Bay Area
Study: Racism Plays Role in Premature Birth Among Black Americans
That statistic bears alarming and costly health consequences, as infants born prematurely are at higher risk for breathing, heart and brain abnormalities, among other complications.
The tipping point for Dr. Paula Braveman came when a longtime patient of hers at a community clinic in San Francisco’s Mission District slipped past the front desk and knocked on her office door to say goodbye. He wouldn’t be coming to the clinic anymore, he told her, because he could no longer afford it.

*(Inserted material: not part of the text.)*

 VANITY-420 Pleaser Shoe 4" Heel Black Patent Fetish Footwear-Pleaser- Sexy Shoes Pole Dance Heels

It was a decisive moment for Braveman, who decided she wanted not only to heal ailing patients but also to advocate for policies that would help them be healthier when they arrived at her clinic. In the nearly four decades since, Braveman has dedicated herself to studying the “social determinants of health” — how the spaces where we live, work, play and learn, and the relationships we have in those places, influence how healthy we are.
As director of the Center on Social Disparities in Health at the University of California-San Francisco, Braveman has studied the link between neighborhood wealth and children’s health, and how access to insurance influences prenatal care.

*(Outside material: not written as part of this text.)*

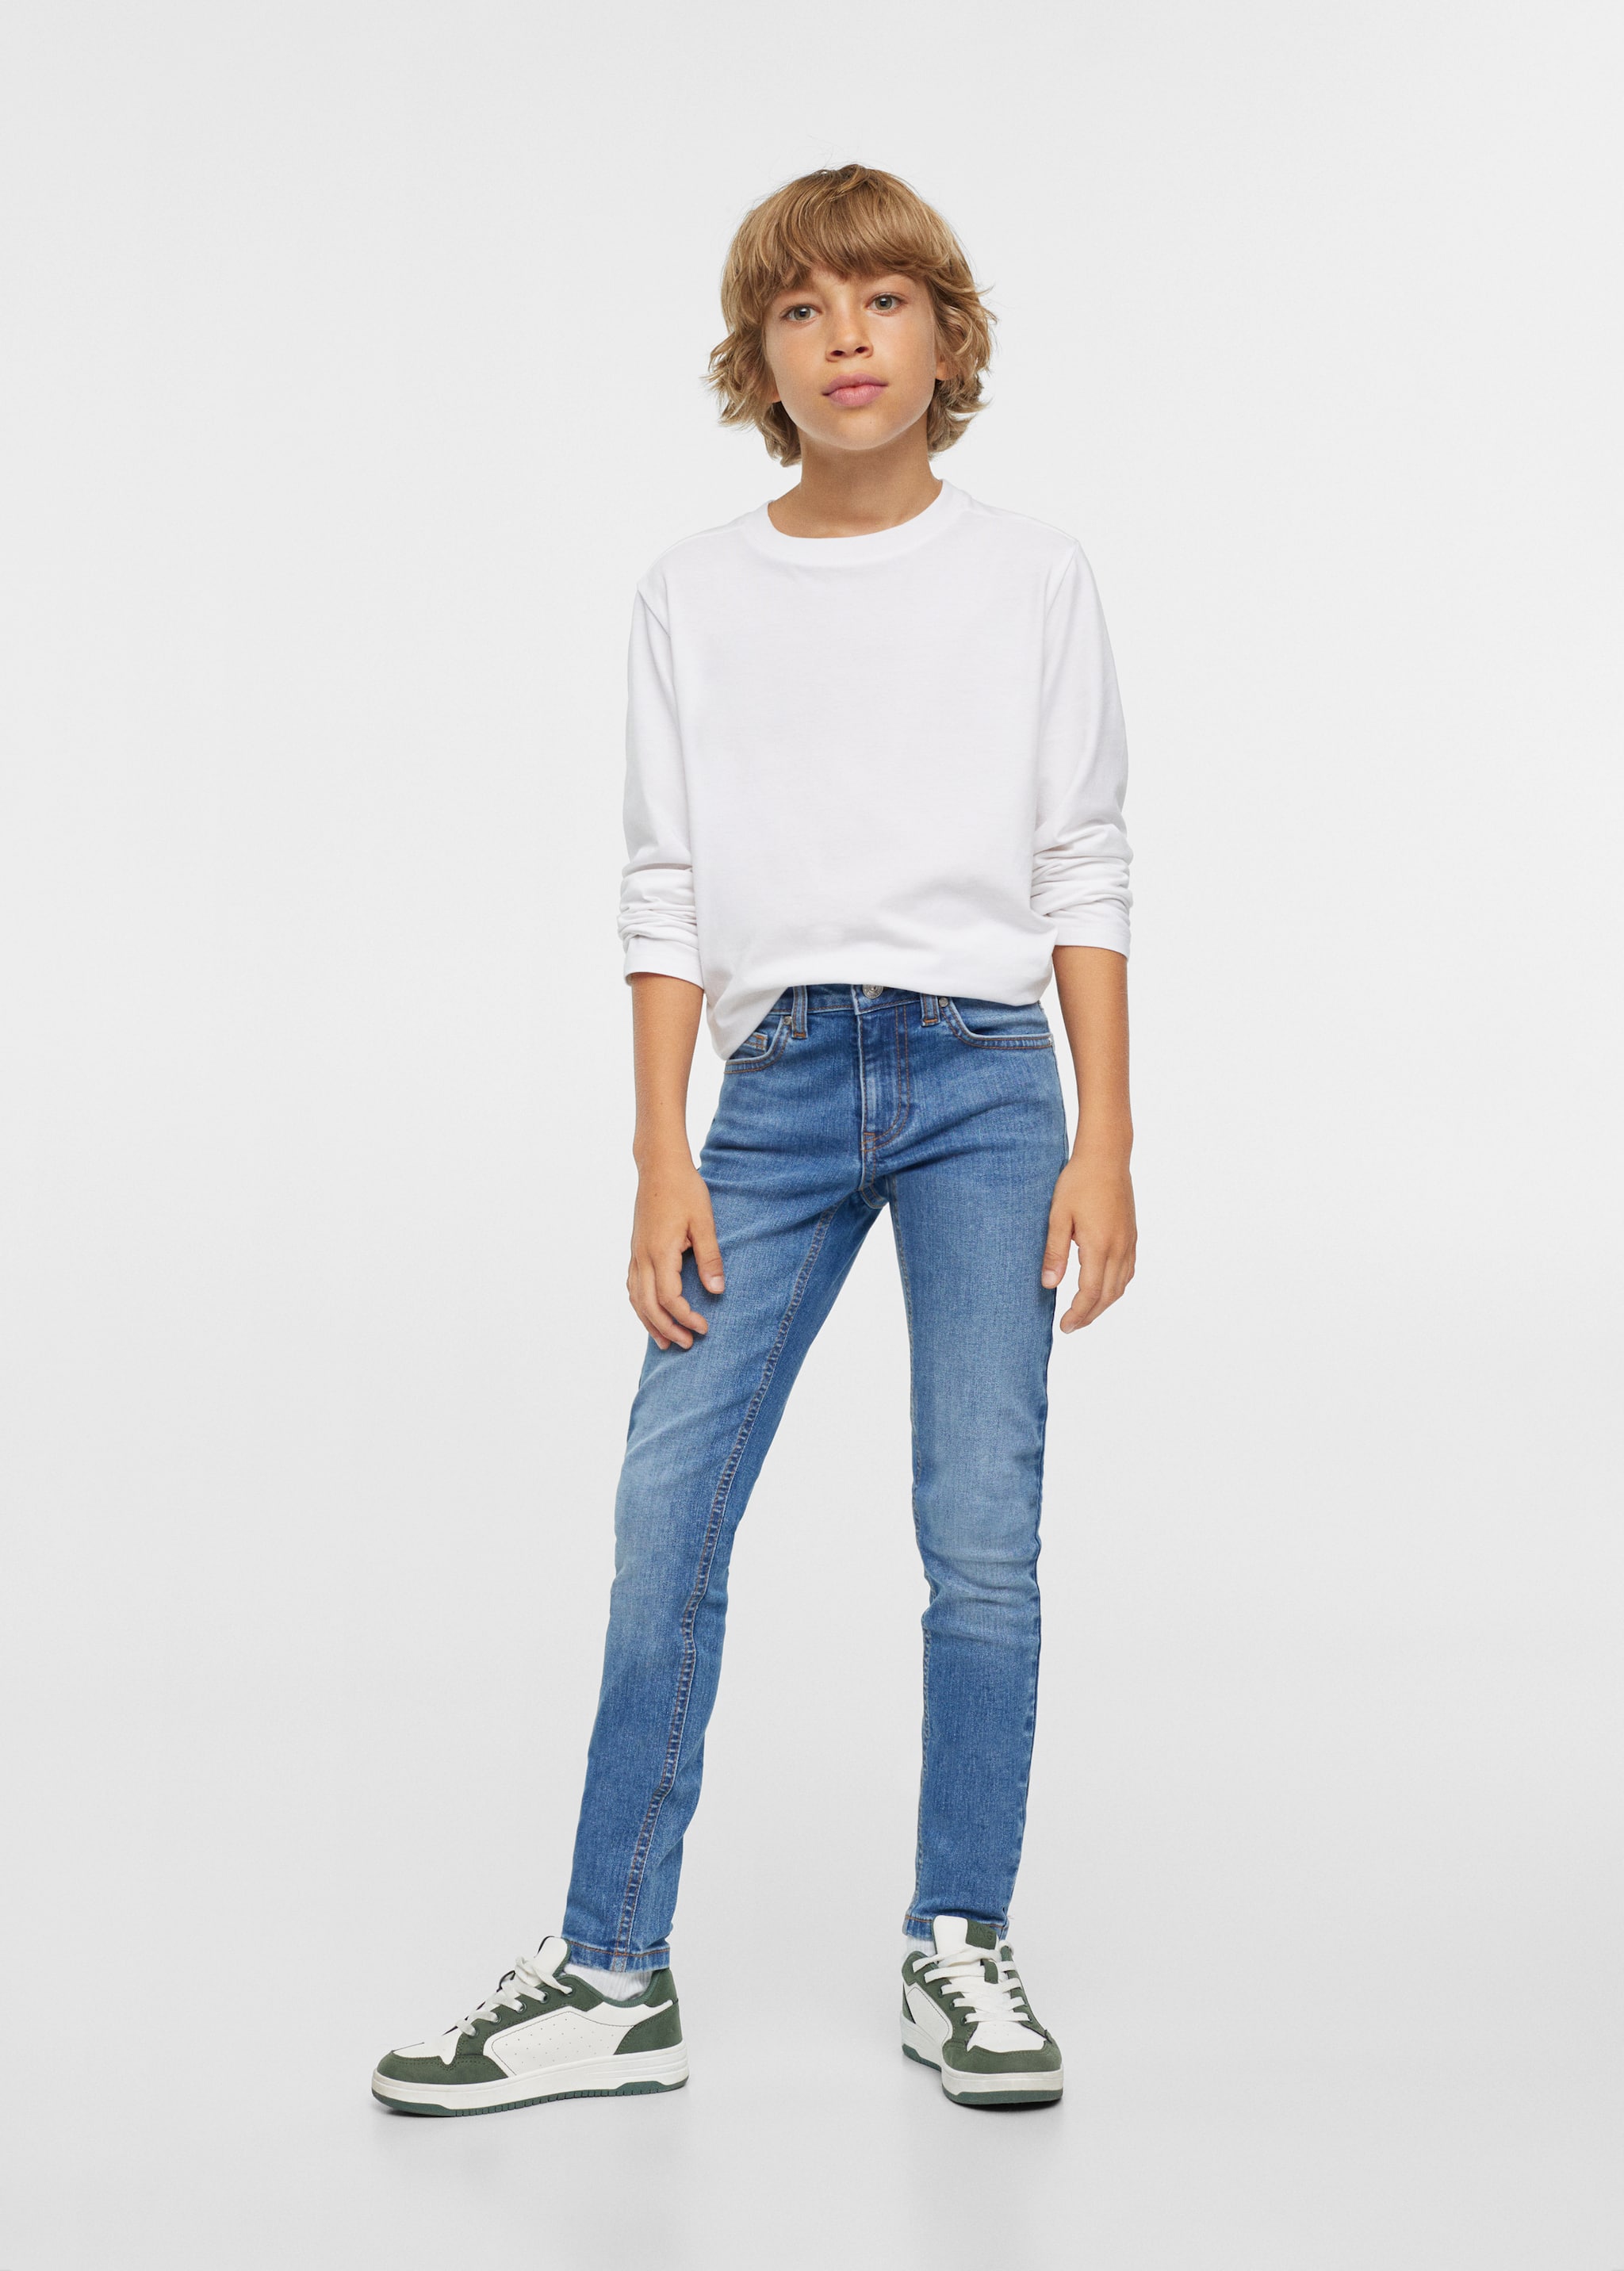 Skinny jeans - Medium plane

A longtime advocate of translating research into policy, she has collaborated on major health initiatives with the health department in San Francisco, the federal Centers for Disease Control and Prevention and the World Health Organization.
Braveman has a particular interest in maternal and infant health. Her latest research reviews what’s known about the persistent gap in pre-term birth rates between Black and white women in the United States. Black women are about 1.6 times as likely as whites to give birth more than three weeks before the due date.
That statistic bears alarming and costly health consequences, as infants born prematurely are at higher risk for breathing, heart and brain abnormalities, among other complications.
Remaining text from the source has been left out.